Потом Арье было поручено резать лук и петрушку, следить, чтобы в супе не выкипела вода, подкладывать дрова в очаг и много чего ещё. В итоге лучше всего, по мнению кухарки, она справилась с мытьём посуды. Так ей и пришлось бы весь день простоять, купая поочерёдно в двух лоханях тарелки, вилки и ножи, пока глиняная плошка, не выскользнув из её мокрых рук, не упала прямиком на каменный пол и не раскололась пополам.
— Да шоб тебя! — в сердцах воскликнула Гертруда и отослала неумеху прочь «с глаз долой».
Дело уже было к ночи и Арья, с трудом переставляя гудевшие с непривычки ноги, доковыляла до каморки, находившейся под самой крышей. Рухнув на кровать, она тихонько застонала. О боги, как же всё у неё болело! Она и представить не могла, что простоять весь день, склонившись то над ведром, то к очагу так тяжело! Казалось, что к её спине привязали камень и ещё парочку к ногам! А на волдыри, натёртые башмаками, ей даже смотреть не хотелось! Да и руки были не лучше — какие-то морщинистые, красные от воды, в которой она перемыла гору посуды, с парой неглубоких, но мерзко саднивших порезов. Пекло! Назавтра у неё точно что-нибудь отвалится — руки, ноги или спина!
— Ты чё там подвываешь?
— А-а? — протянула Арья, не в силах пошевелиться.

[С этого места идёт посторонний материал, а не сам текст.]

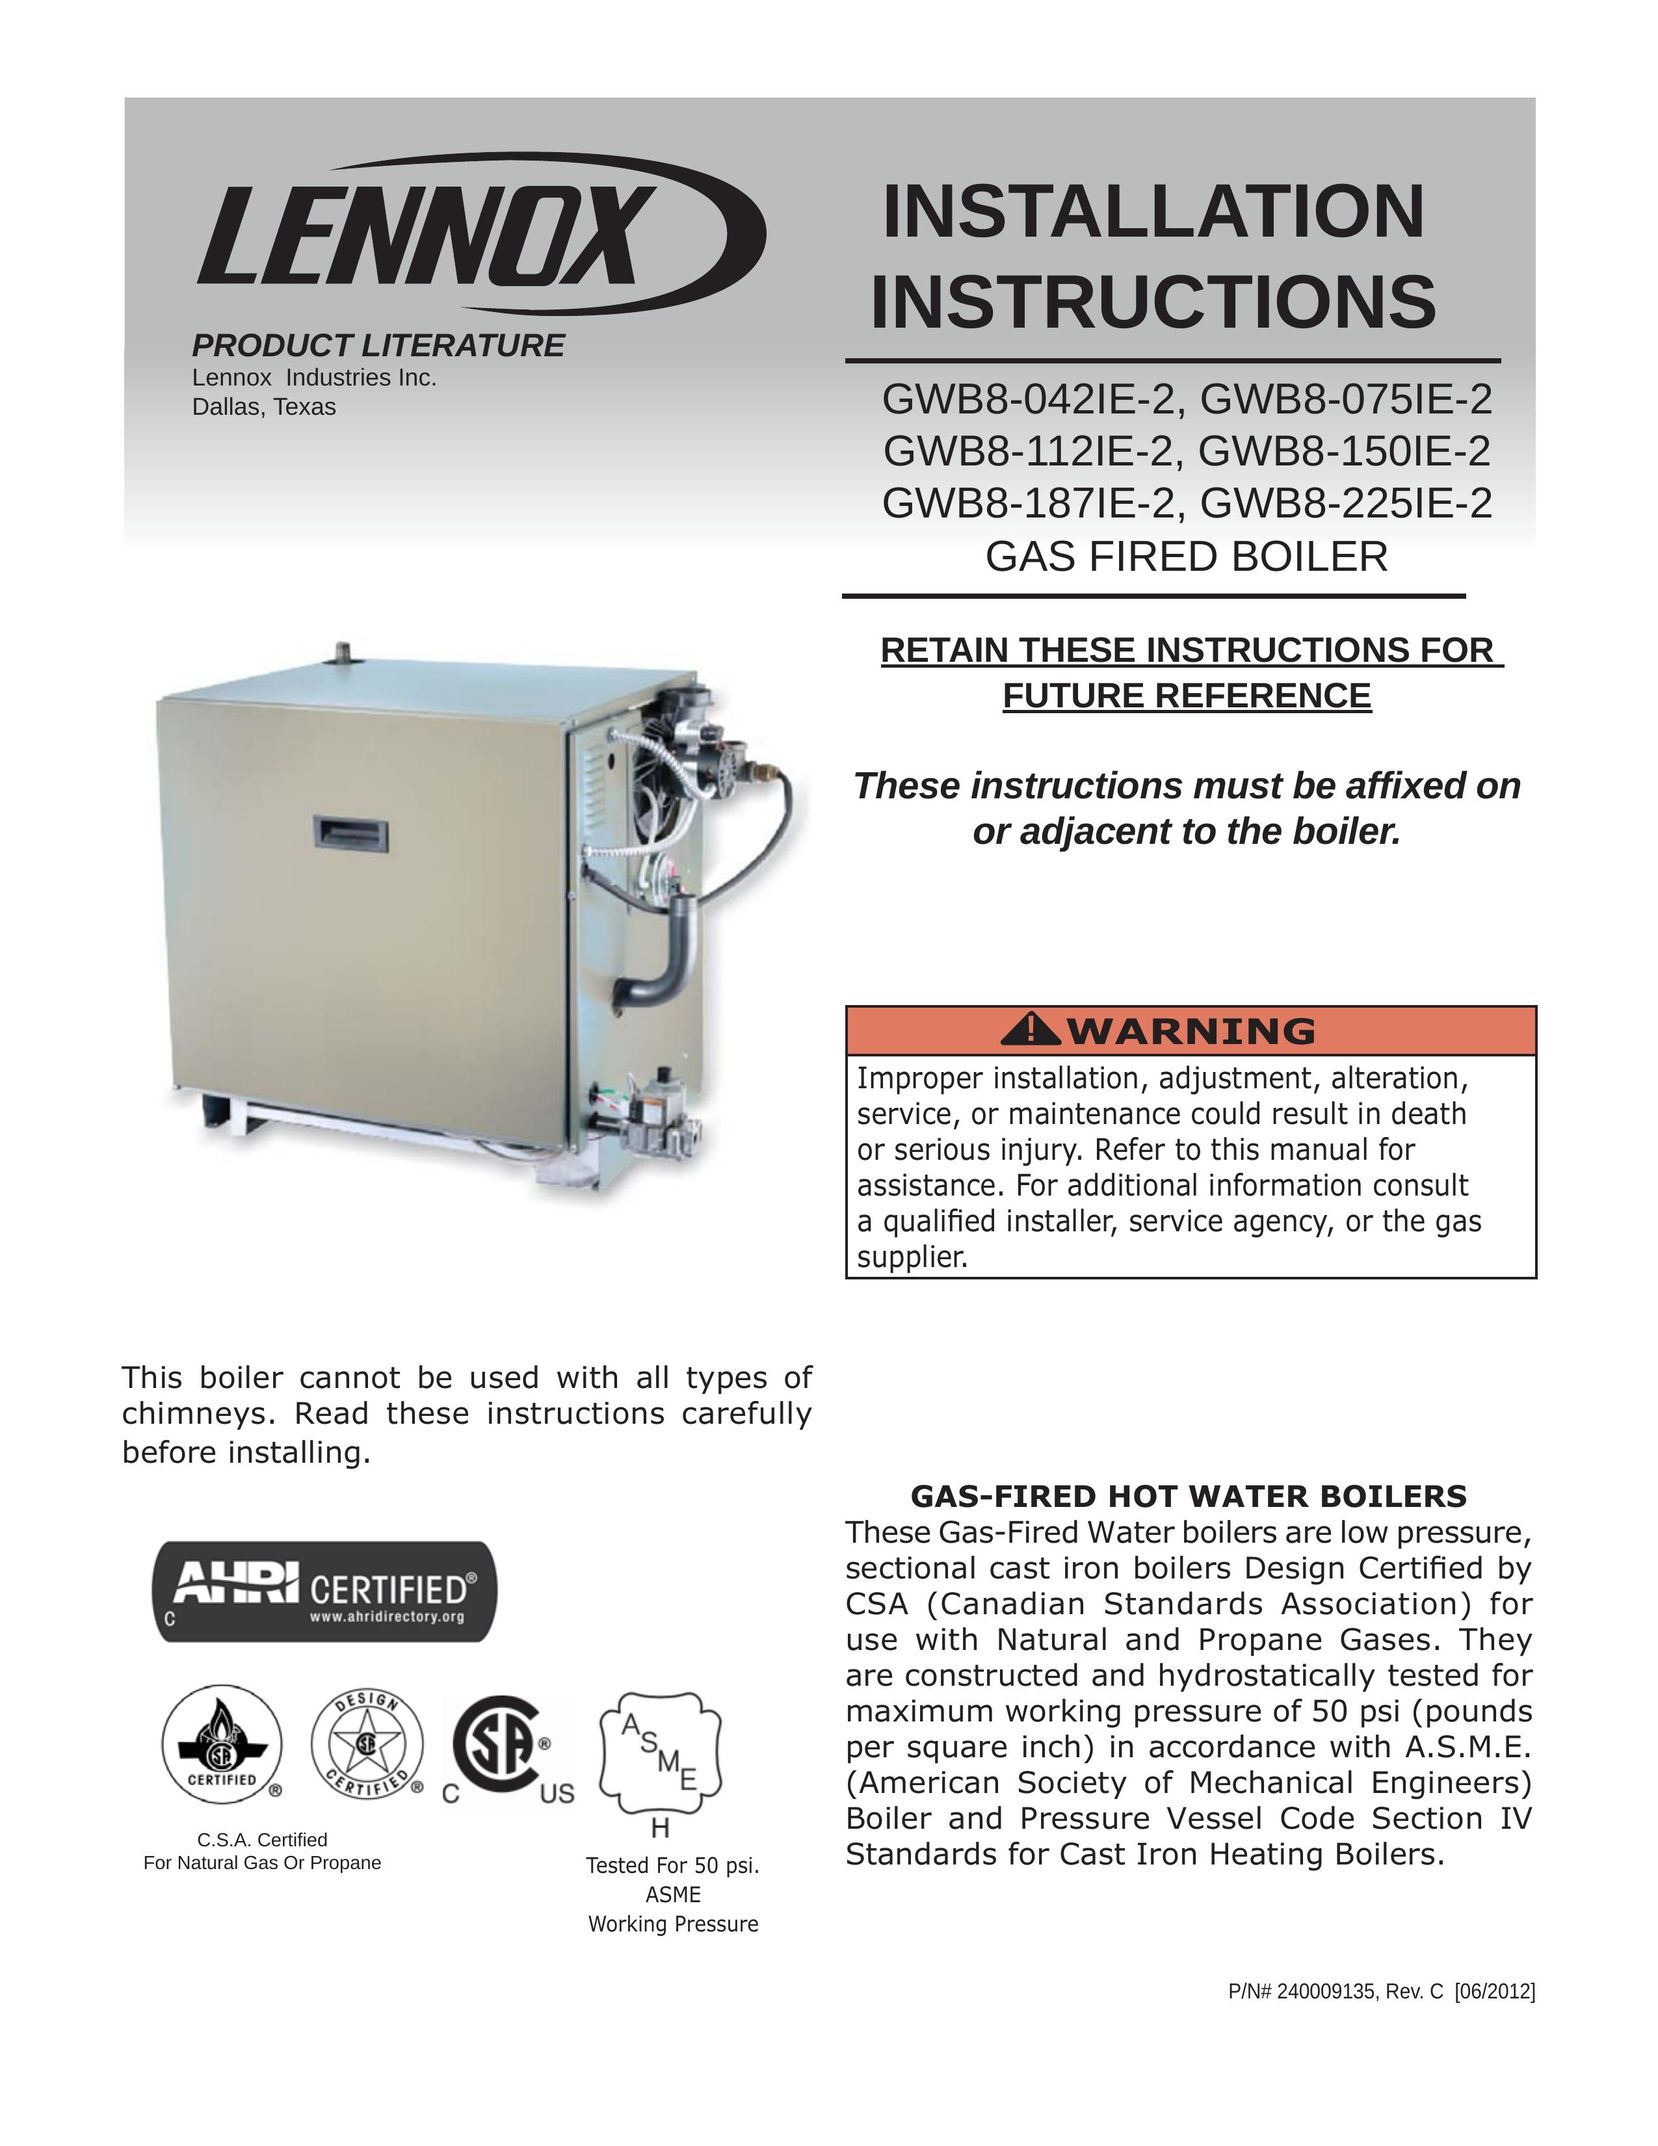 Lennox International Inc. GWB8-150IE-2 Oven User Manual
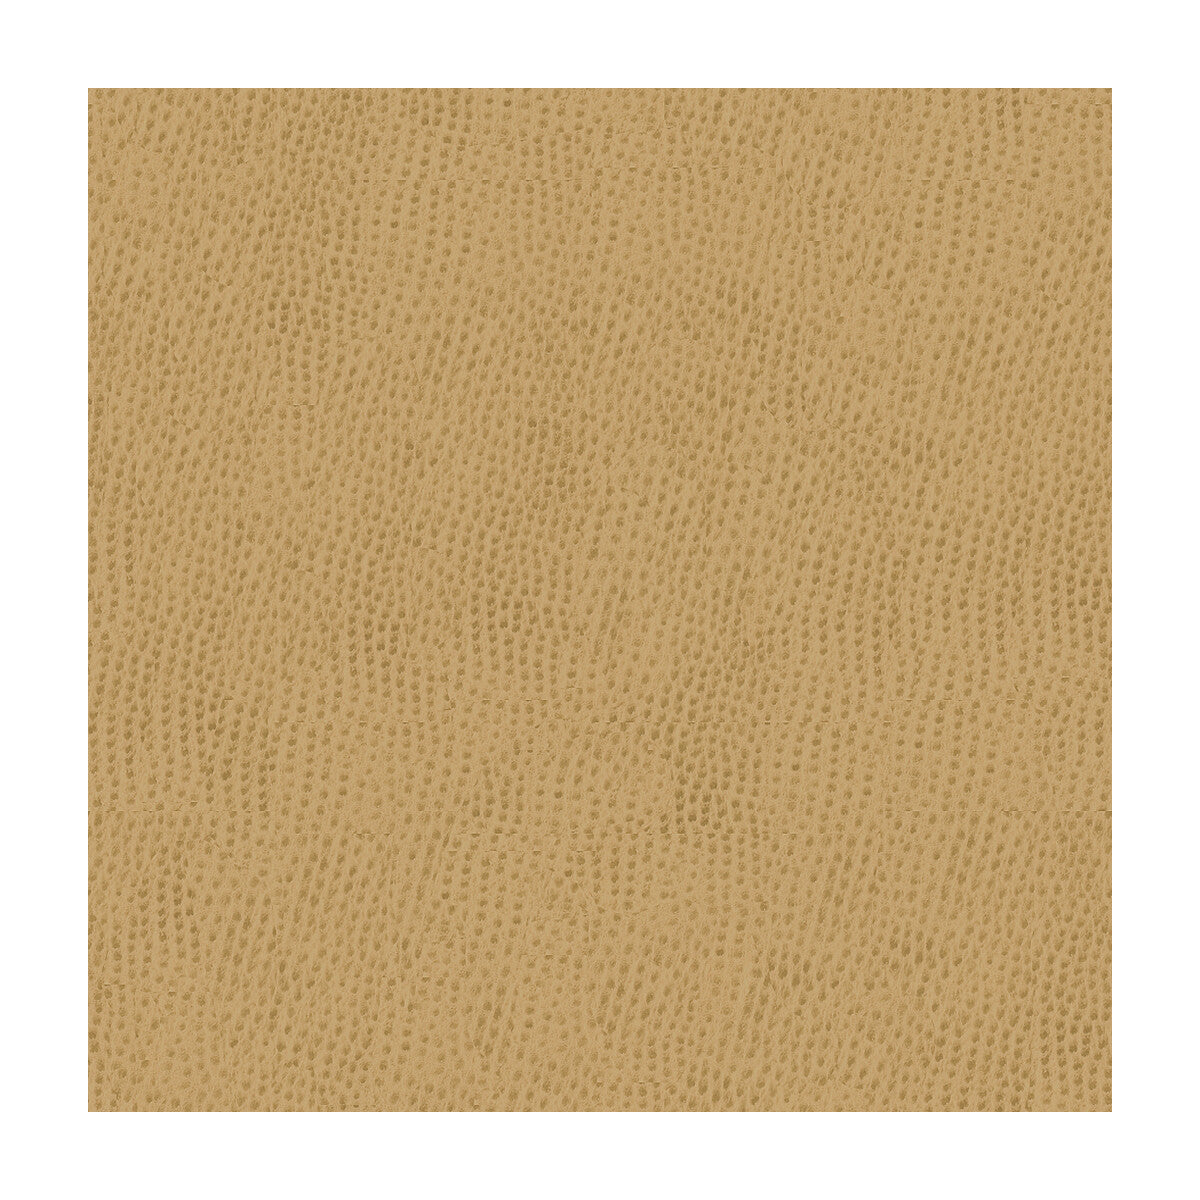 Kravet Contract fabric in belus-1616 color - pattern BELUS.1616.0 - by Kravet Contract

— Не стони, говорю тебе — спать мешаешь!
Не желая отвечать, Арья прикрыла глаза.
Коморку она делила вместе с тремя девушками-служанками. Имён она их не запомнила, знала только, что две из них убирались в гостевых комнатах, а одна была при трактире. Ниже была ещё одна точно такая же комнатка, в которой жила Гертруда и ещё две женщины, работавшие в «Мудрой черепахе». Мужчины жили в другом крыле. Насколько Арья уяснила, дело здесь было поставлено на широкую ногу — всё было основательно продумано. Эта гостиница больше напоминала ей Винтерфелл, чем постоялые дворы, в которых она успела побывать. Но как бы хороша́ она не была, долго здесь задерживаться Арья не намерена. Вот заживут ноги, и она двинется дальше. Куда именно дальше — Арья не представляла, но остаться на всю оставшуюся жизнь судомойкой и «мастером репы» она не хотела!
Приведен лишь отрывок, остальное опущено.